Requirement: Copy exactly the lines of the material below that run from the one containing "Online transport Jhadol to Sangrur" through the one containing "Dr. Koto Shinryoujo". Copy no other lines.

Data under study:
┄┄┄┄┄┄┄┄┄┄
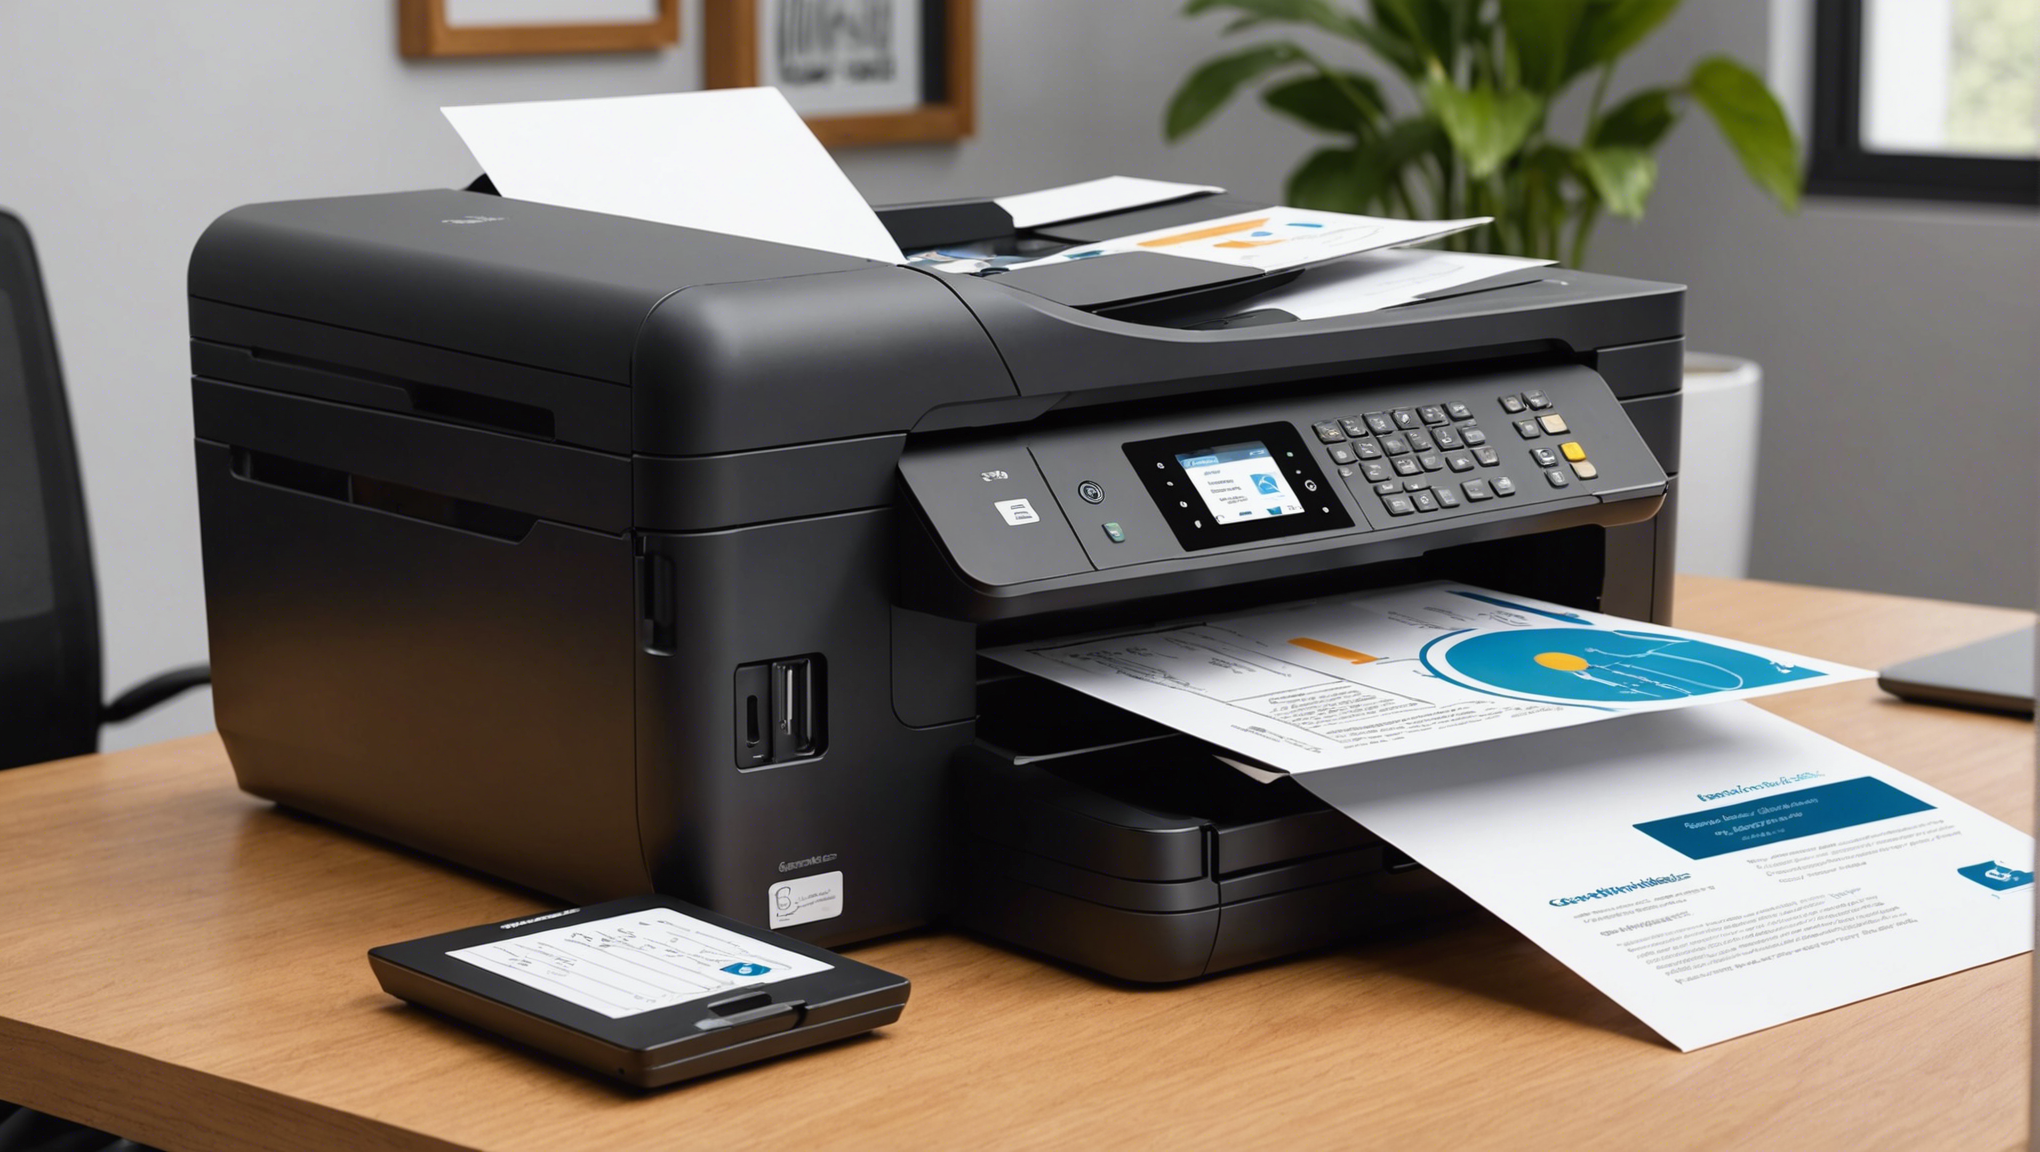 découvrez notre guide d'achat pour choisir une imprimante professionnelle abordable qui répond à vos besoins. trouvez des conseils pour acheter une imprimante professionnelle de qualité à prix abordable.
┄┄┄┄┄┄┄┄┄┄
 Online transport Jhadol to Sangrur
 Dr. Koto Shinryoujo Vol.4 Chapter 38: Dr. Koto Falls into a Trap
┄┄┄┄┄┄┄┄┄┄
Solution:
 Online transport Jhadol to Sangrur
 Dr. Koto Shinryoujo Vol.4 Chapter 38: Dr. Koto Falls into a Trap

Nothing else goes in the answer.